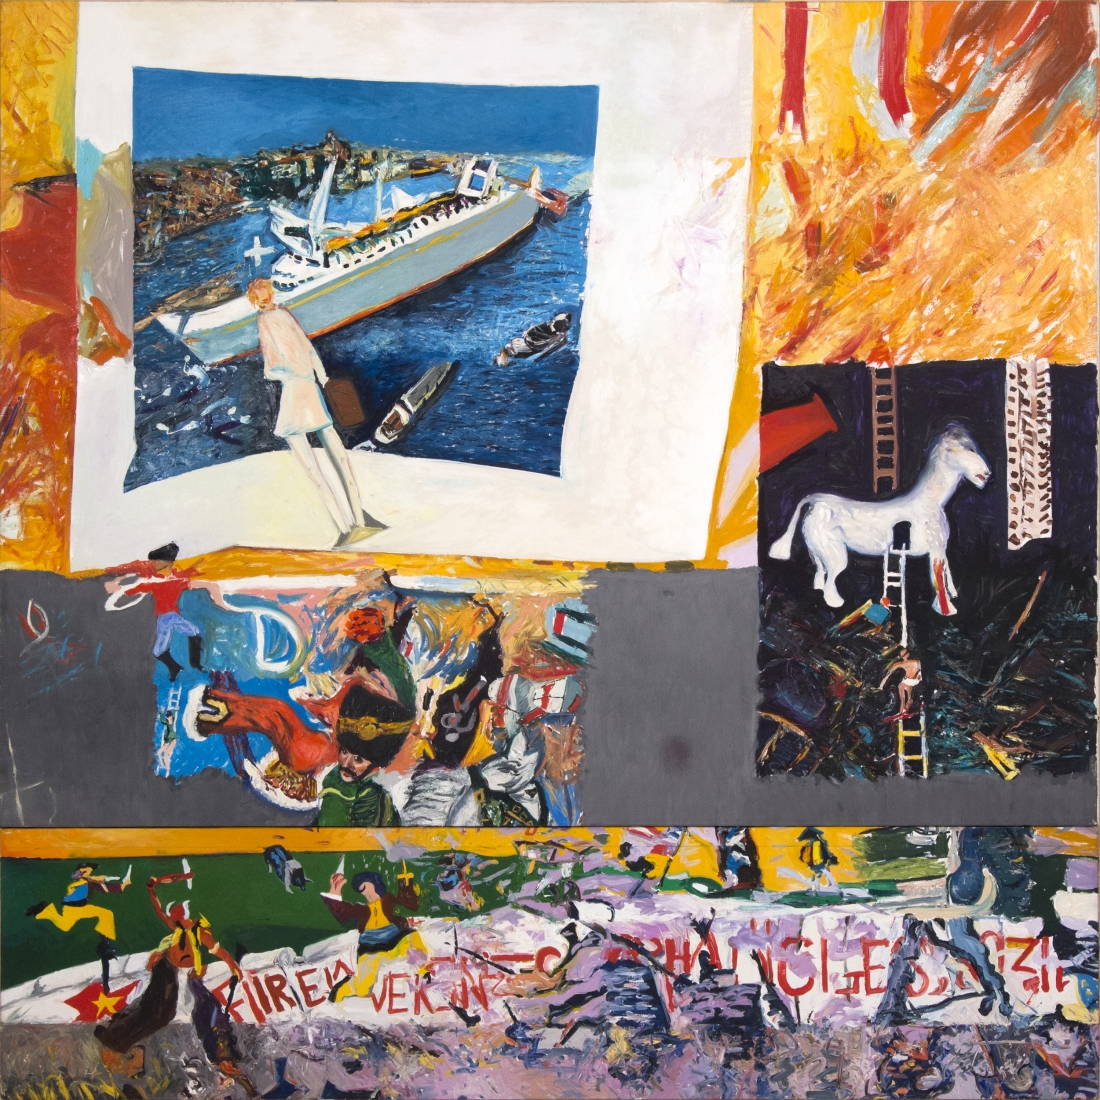 Malcolm&nbsp;Morley
Day of the Locust III, 1979
oil on canvas
48 x 48 inches (122 x 122 cm)
SW 17029
&nbsp;
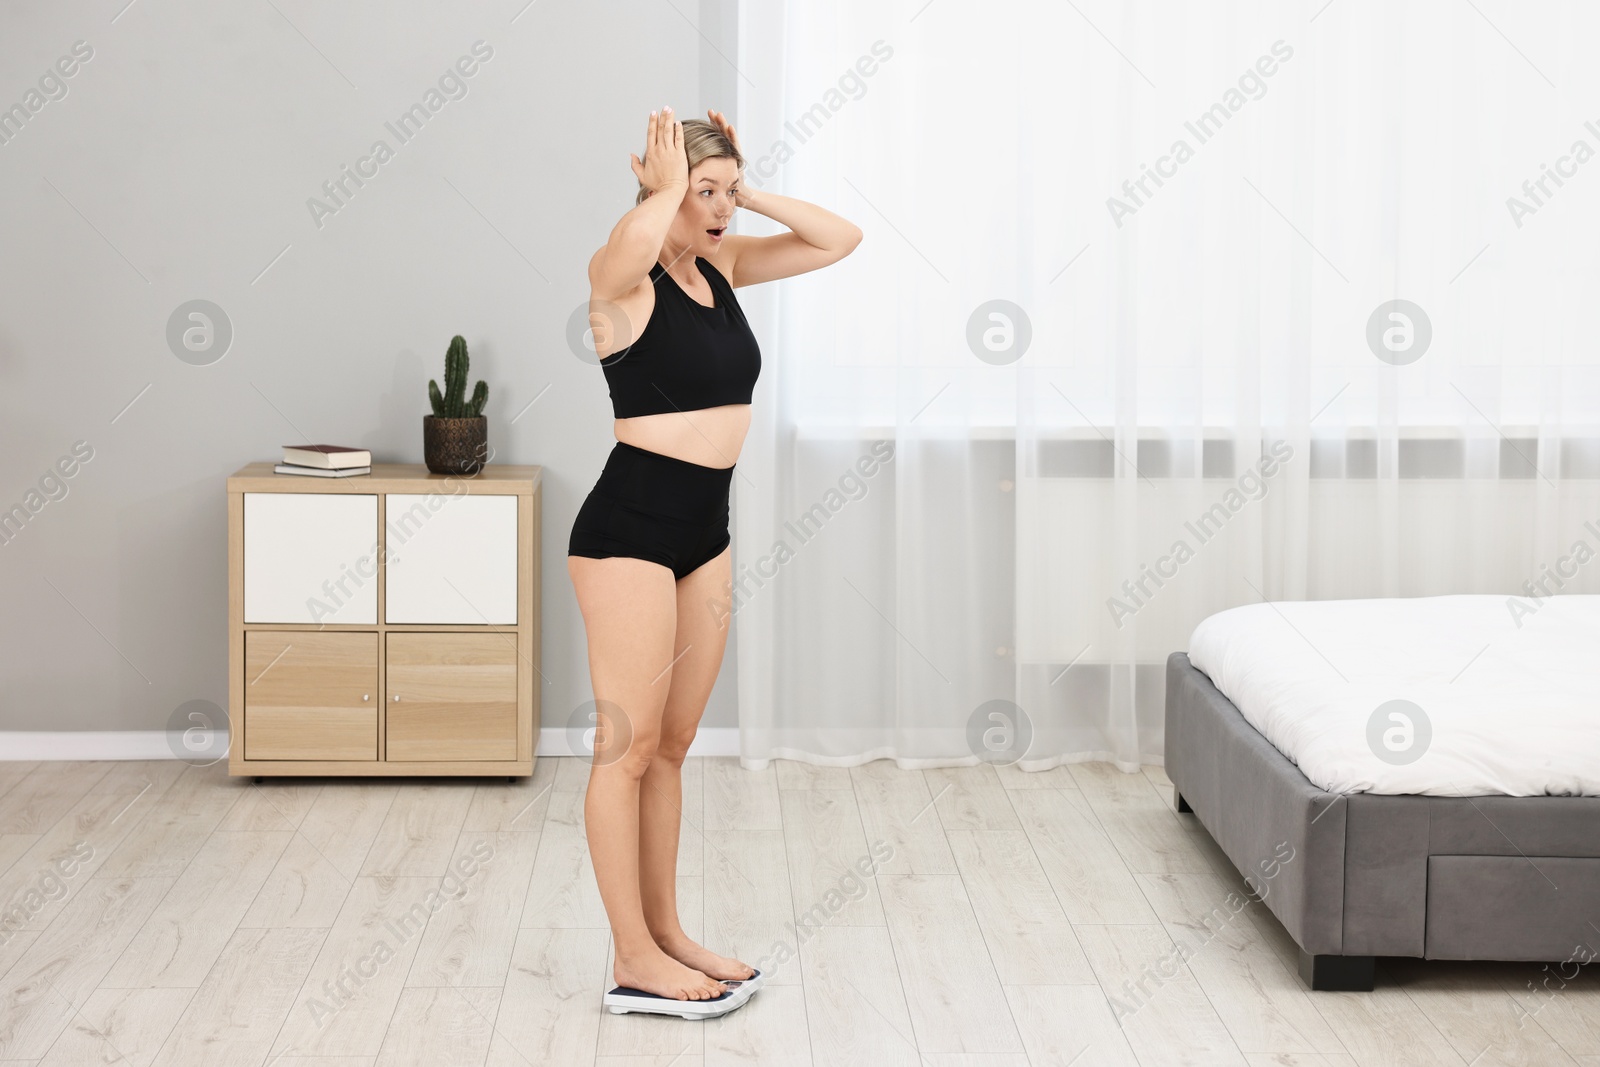 Photo of Surprised woman standing on floor scales at home

● Task details:
Copy the listing above word for word. Do not include the pictures.

● Task output:
 Malcolm&nbsp;Morley
Day of the Locust III, 1979
oil on canvas
48 x 48 inches (122 x 122 cm)
SW 17029
&nbsp;
 Photo of Surprised woman standing on floor scales at home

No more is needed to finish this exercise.